Results: Of the 119 patients, 95 (79.8%) developed deep venous thrombosis (DVT) in the right external iliac veins. In only one patient it was clinically obvious. The incidence of thrombosis had no significant difference between the following subgroups: 1. Children under 6 years (14/15, 93.3%), 6-12 years (63/78, 80.7%) and above 12 years (18/26, 69.2%) (p=0.436); 2. Male (57/66, 86.3%) and female patients (38/53, 71.6%) (p=0.448); 3. Children catheterized with 8F (52/63, 82.5%) and 11F catheters (43/56, 76.7%) (p=0.435). Thrombolysis was achieved in 77 cases (77/80, 96.3%) with treatment of oral dipyridamole at one month and 80 cases (100%) at two months.
Conclusion: Children treated with blood purification through short-term femoral venous catheters have an increased risk of developing DVT, which is usually asymptomatic and good in prognosis.

Key words: Deep venous thrombosis, femoral venous catheters, blood purification, hemoperfusion, children

Corresponding author: Zheng Wang, NO.20, Renmin Nanlu 3rd section Chengdu, 610041, China, tel: +8613308039152, fax: +862885559065, e-mail: Wangzheng48@ 21cn.com


Blood purification is used to remove waste, excess water, toxicants and inflammatory factors from the blood of the patients through an external artificial circuit. It includes hemodialysis (HD), hemofiltration (HF), hemoperfusion (HP), plasma exchange (PE), continuous renal replace- ment therapy (CRRT) and some combined types1. HP has been used for the treatment of drug/toxicants poisoning and uremia for decades. With the advances in technology, it is gradually used in hepatic encephalopathy, schizophrenia and some immune diseases1. In HP, liposoluble or protein- combining molecules are absorbed by the resin cartridge.
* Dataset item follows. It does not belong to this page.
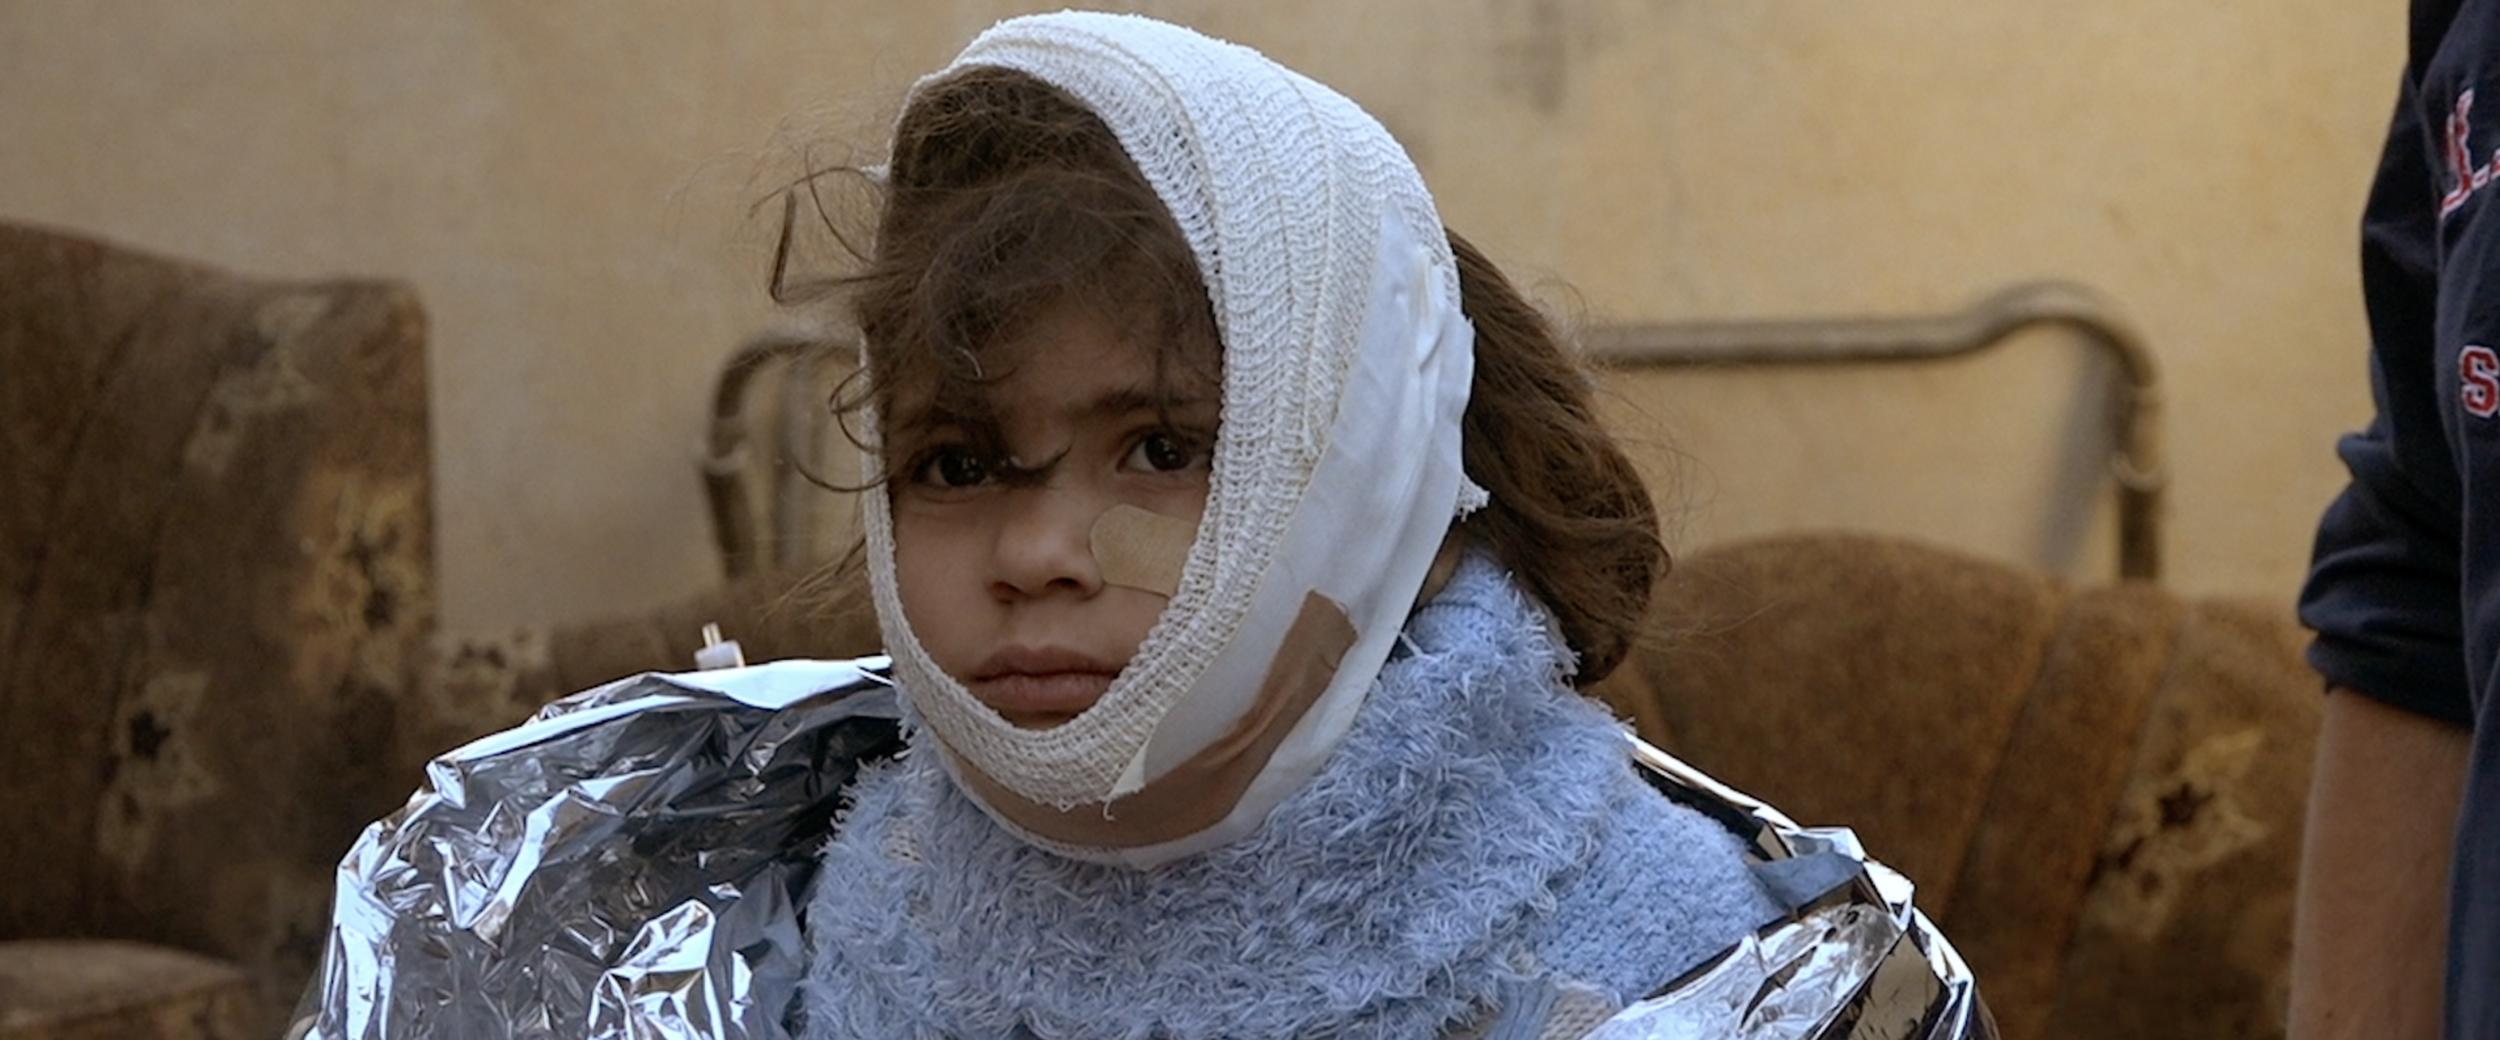 Injured girl, civilian.png

Henoch-Schönlein purpura (HSP) is the most common systemic vasculitis of childhood presenting with a tetrad of purpura, arthritis or arthralgia, abdominal pain and renal disease. It is characterized by the deposition of immunoglobulin A (IgA)-containing immune complexes in the walls of small vessels2. In children with HSP who developed rapid progressive glomerulonephritis (RPGN) or other severe complications, plasma exchange (PE) is recommended3. However, PE requires a large amount of fresh frozen plasma and brings the risks associated with infusion of donor plasma. Thus, PE is replaced by HP in some cases of severe HSP in our hospital and satisfactory effects are achieved 4. In severe cases, a high level of inflammatory mediators is active in the blood and usually the kidney is damaged even before Henoch-Schönlein purpura nephritis (HSPN) manifests. HP can decrease the serum level of immune mediators, reduce the disease severity, shorten the duration of acute abdominal and/or joint pain, and protect the kidney in the early stages4.
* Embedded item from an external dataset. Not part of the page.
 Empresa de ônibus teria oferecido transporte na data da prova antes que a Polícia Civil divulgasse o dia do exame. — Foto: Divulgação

However, there are some complications from blood purification, such as infection and thrombosis that may be caused by the catheter insertion and retention5. Little is known about the thrombosis in children treated with blood purification. Therefore, this study was conducted to show the incidence and evolution of short-term catheter induced deep venous thrombosis (DVT) in children treated with blood purification. In this study, 119 children were followed at one-month intervals by clinical observations, laboratory tests and ultrasound examinations.

Patients and Methods


Between September 2011 and March 2012, 656 children with HSP were admitted in our hospital. In the 656 children, 119 cases (18.14%) were severe and treated with hemoperfusions at the Children Blood Purification Center. The diagnosis of HSP was in accordance with the guideline of the American College of Rheumatology (ACR)6. The definition of severe HSP were those who fulfilled ≥1 items of the following criteria: 1. Severe abdominal pain and/or gastrointestinal hemorrhage (occult blood test positive or hematochezia); 2. severe joint pain and swelling (or limitation of motion); 3. HSPN defined as hematuria on microscopic urinalysis ≥ 3 red blood cells per high power field, or proteinuria ≥ 1+ with a dipstick test); 4. waving and lingering disease condition, or frequent relapses, or poor response to the conventional drug therapy (corticosteroids and supportive treatment). Exclusion criteria included: existence of other disorders; previous thrombosis; tendency of bleeding or clotting; infection at the site of catheter insertion; and abnormal blood platelet count or blood coagulation test.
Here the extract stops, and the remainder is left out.